If a 14.05g sample of a gas occupies 10.0L at STP, what is the molar mass of the gas at 125 degrees Celsius?
To determine the molar mass of the gas at 125 degrees Celsius, we can use the ideal gas law. The ideal gas law equation is given as:
PV = nRT
Where:
P = Pressure (in atm)
V = Volume (in liters)
n = Moles of gas
R = Gas constant (0.0821 atm·L/mol·K)
T = Temperature (in Kelvin)
At standard temperature and pressure (STP), conditions are defined as 1 atmosphere of pressure and 273.15 Kelvin temperature.
Given:
Mass of gas (m) = 14.05 grams
Volume (V) = 10.0 Liters
Temperature (T) = 125 degrees Celsius (convert to Kelvin)
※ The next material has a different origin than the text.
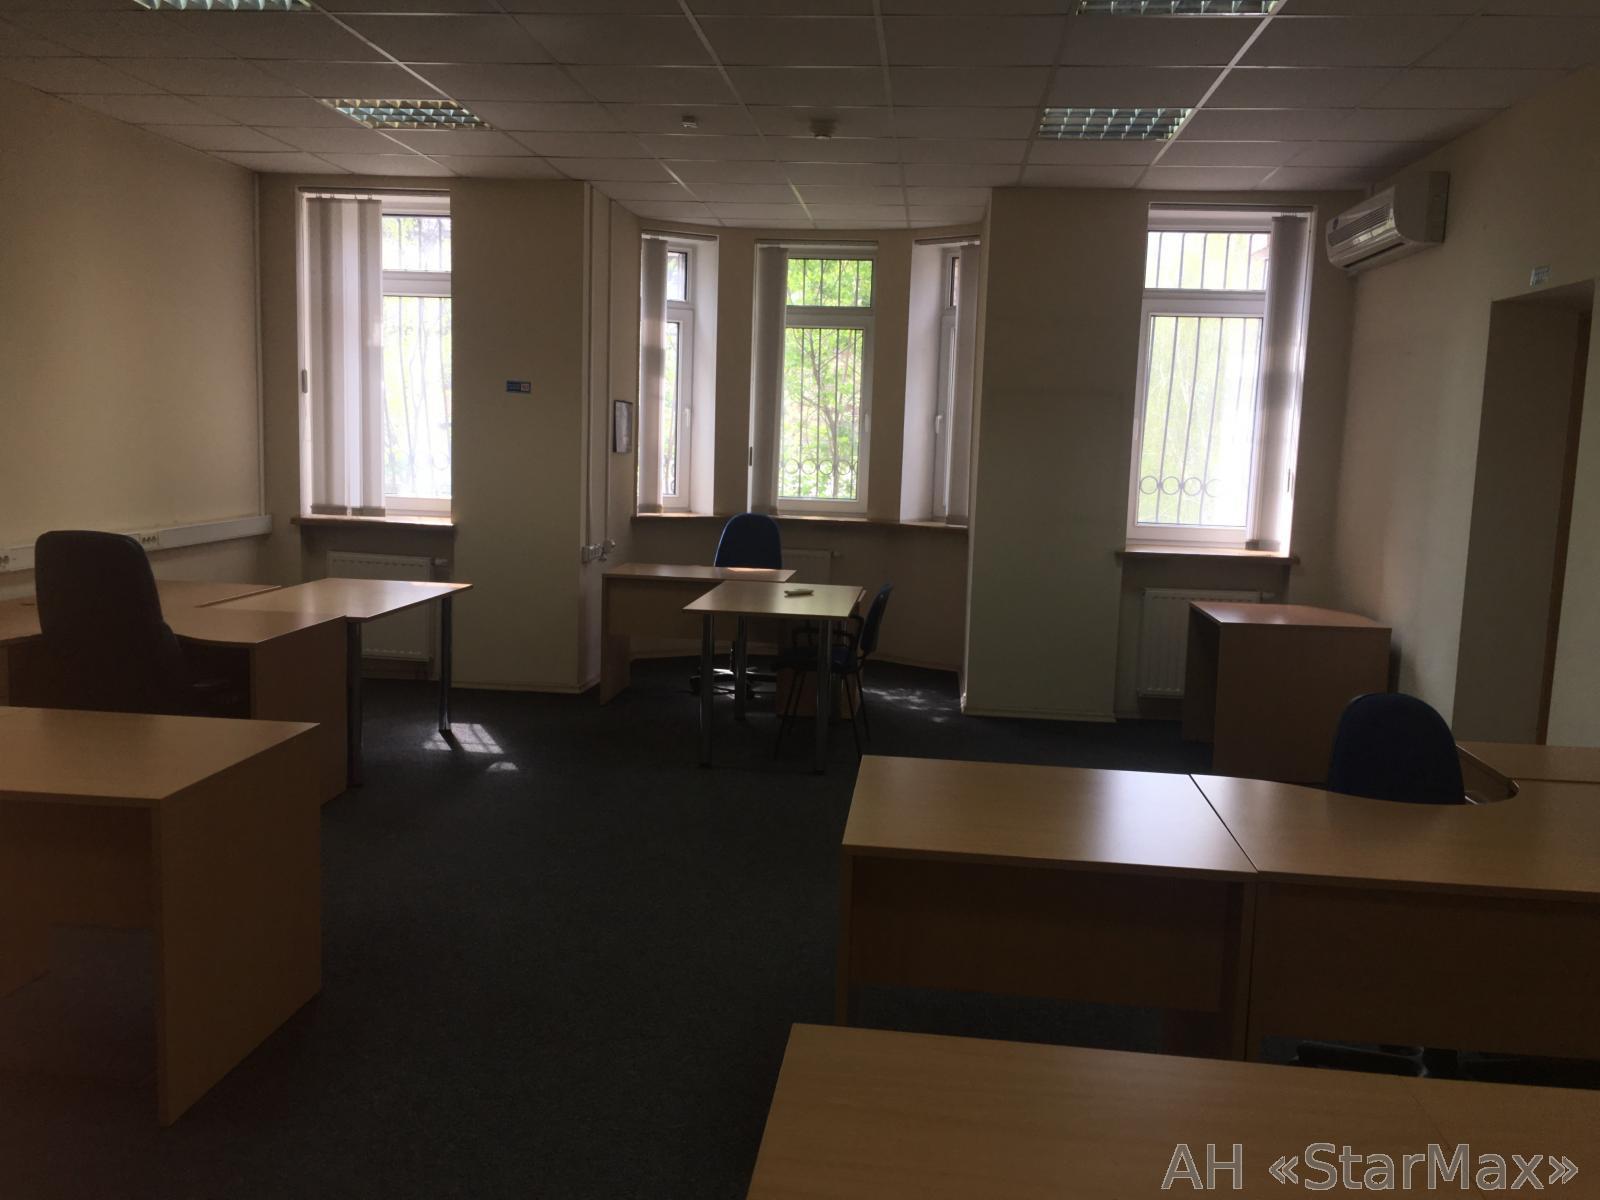 Сдам офис в многоквартирном доме Киев, Кудрявская ул. 5

To convert Celsius to Kelvin, we use the following equation:
T(K) = T(°C) + 273.15
Let's calculate:
T = 125°C + 273.15 = 398.15 Kelvin
Now, we can rearrange the ideal gas law equation to solve for moles (n):
n = PV / RT
Plug in the values:
n = (1 atm) * (10.0 L) / (0.0821 atm·L/mol·K) * (398.15 K)
Simplifying:
n = 0.122 mol
Now we have the number of moles (n), and we know the mass (m) = 14.05 grams. To find the molar mass (M) of the gas, we use the formula:
Molar mass (M) = mass (m) / moles (n)
M = 14.05 g / 0.122 mol
Simplifying:
M ≈ 115 g/mol
Therefore, the molar mass of the gas at 125 degrees Celsius is approximately 115 g/mol.